1. What languages can Gprof profile?

Python, Java, Julia
C/C++, Fortran, Pascal
Haskell, Cobol, Whitespace

2. How does Gprof generate a performance profile of an application?

by instrumenting the application during compilation
through static analysis of the source code
by means of hardware performance counters

3. What compiler/linker flag is used to instrument the application?

-pg
-pig
--profile

4. Which compilers support Gprof?

only the commercial Intel compilers
only open-source compilers (e.g., from GNU)
many different compilers (e.g., from GNU and Intel)

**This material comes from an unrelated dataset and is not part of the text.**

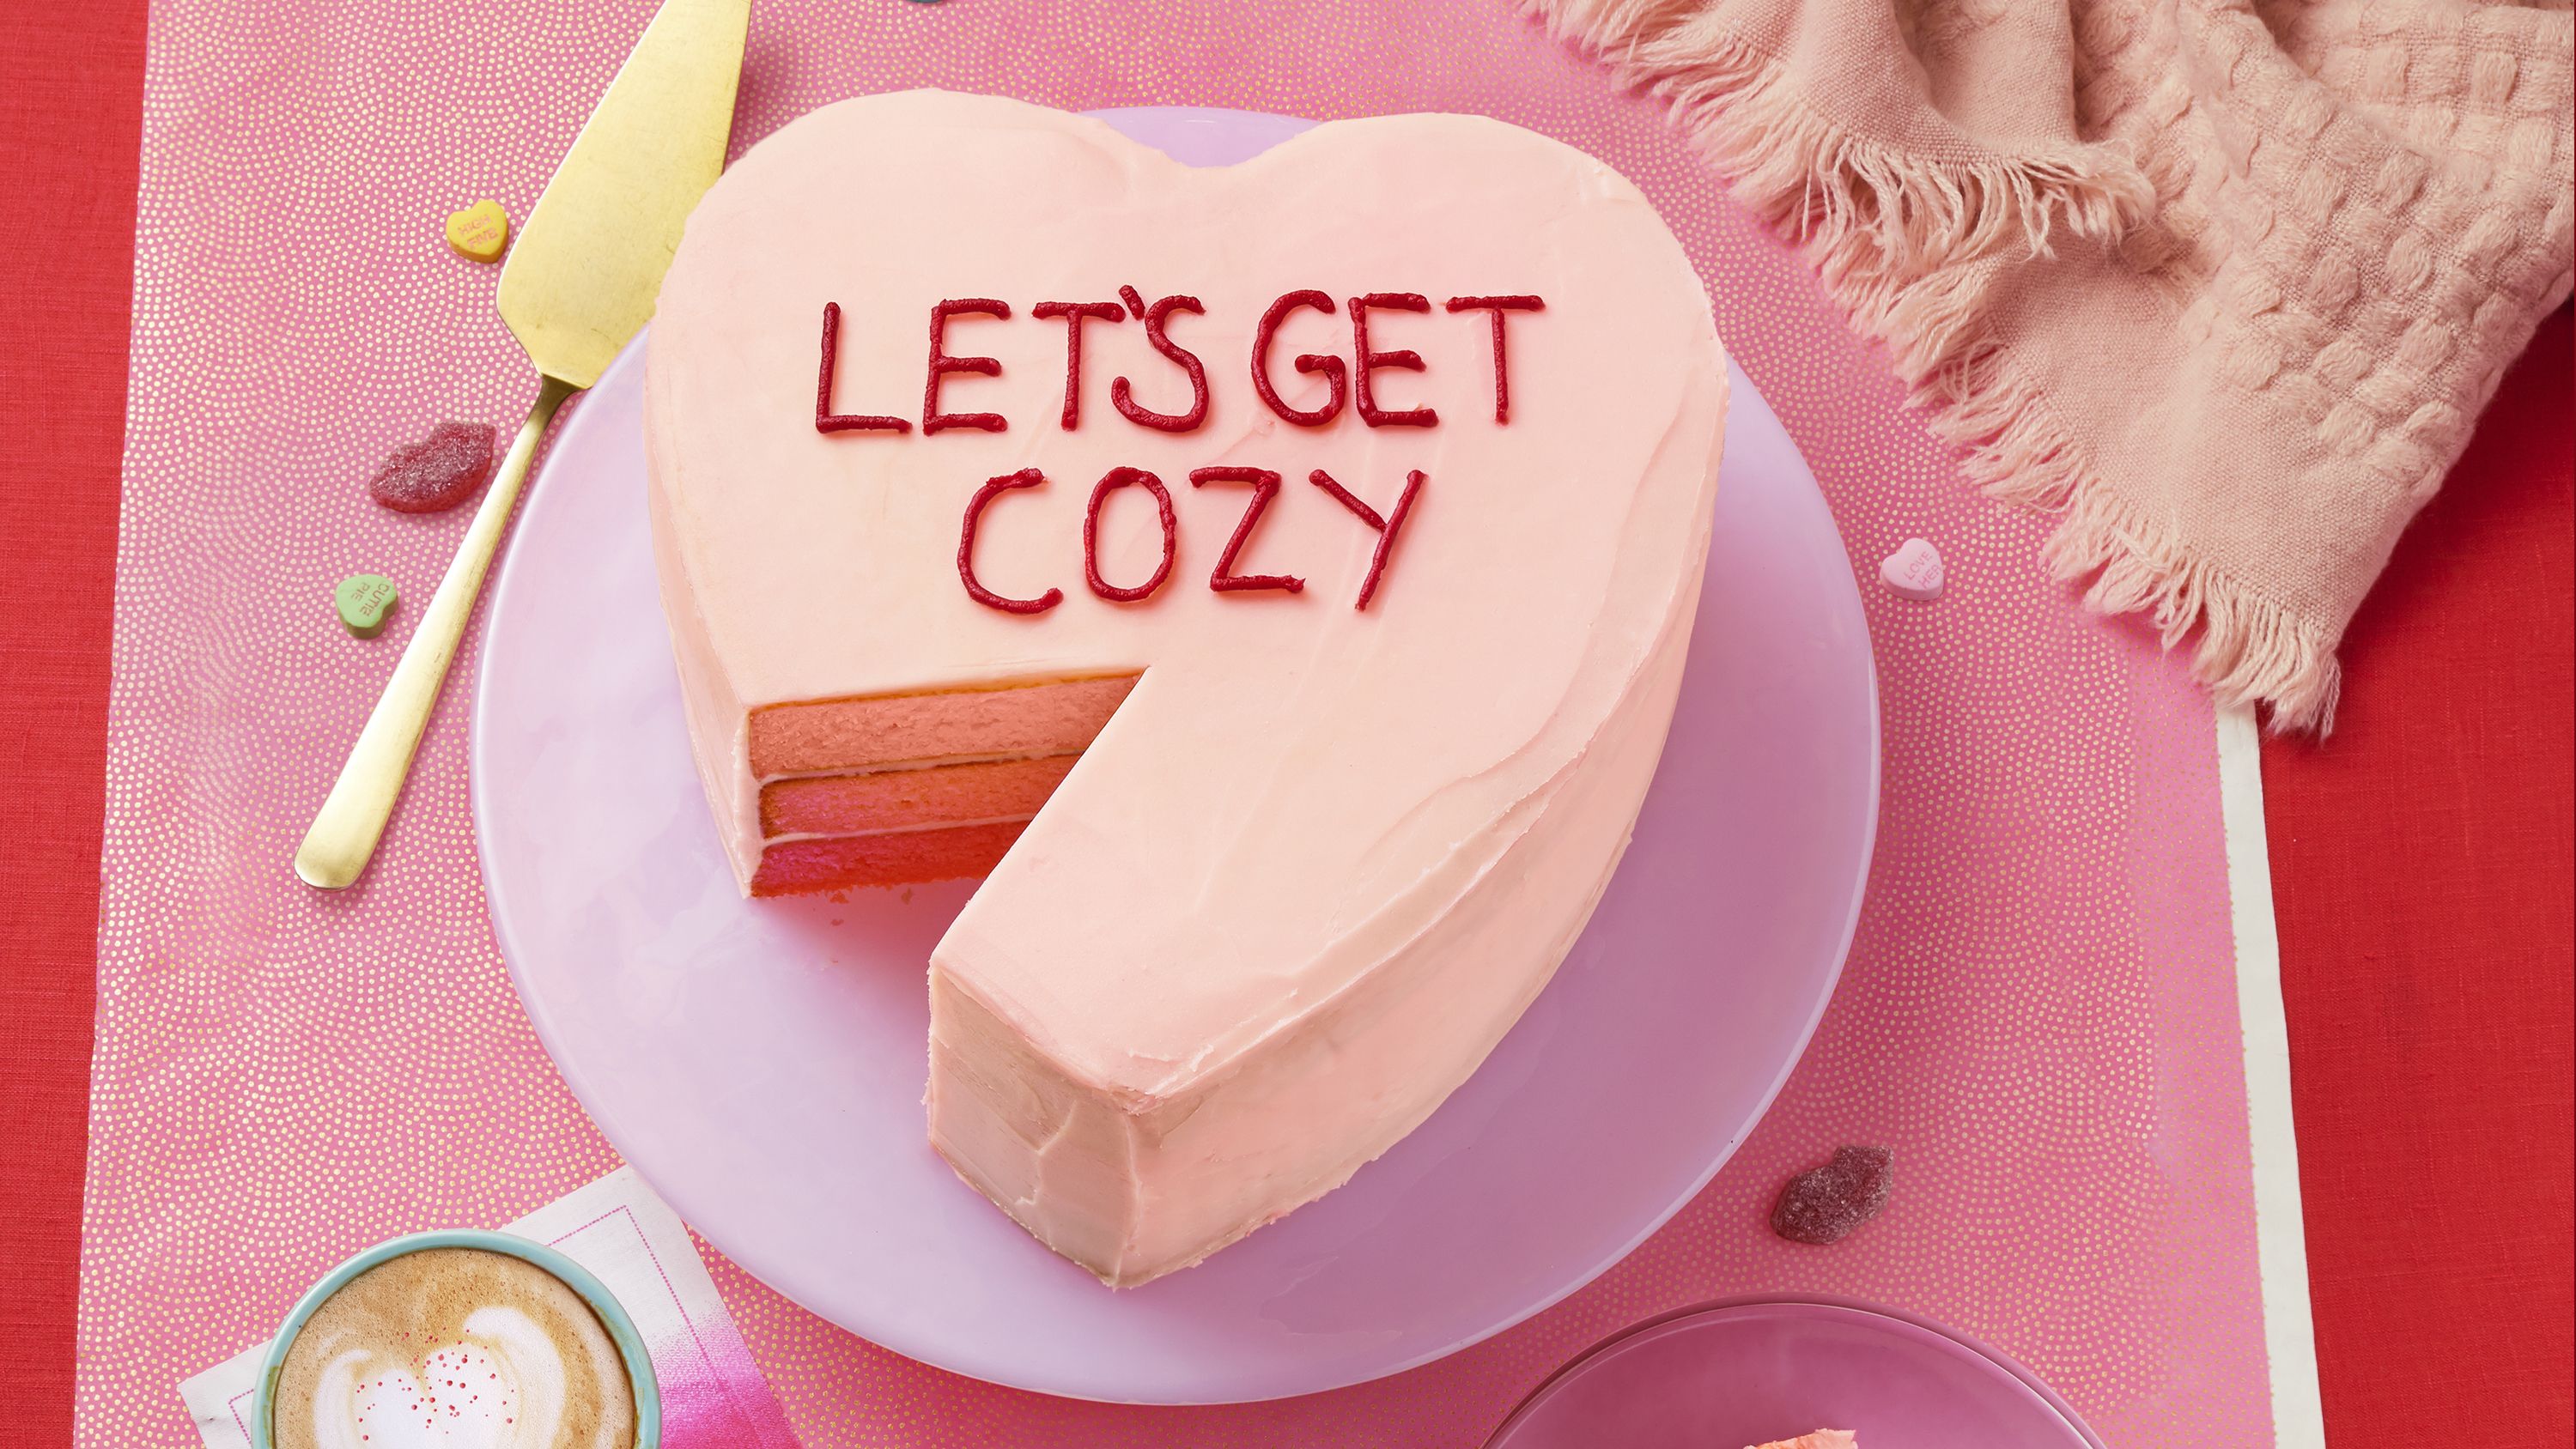 49 Best Valentine's Day Cake Recipes - Easy V-Day Cake Ideas

5. How should the input parameters be when running the instrumented application?

simple and understandable
representative of a usual workload
covering edge cases

6. Which applications can be analyzed with Gprof?

only small examples
up to medium-sized applications with a running time below ~1 hour
all, even large real-world examples with huge running times

7. What is a call graph?

an android app to show incoming callers
a hierarchy diagram of function calls in a given profile
instructions of how to call for help during emergencies

8. How do you generate a call graph of a Gprof profile?

gprof --call-graph
gprof-call-graph
gprof --graph

9. What is gprof2dot?

third-party script for call graph visualization via the "dot" library
Gprof feature to export profiles as a pdf
a fork of the beta version of Gprof2

10. Does Gprof work with parallel applications?

no, Gprof only works with sequential applications
yes, but Gprof cannot differentiate between individual threads or processes
yes, parallel profiling is the main use-case of Gprof

11. How much runtime overhead does Gprof produce?

none
little
much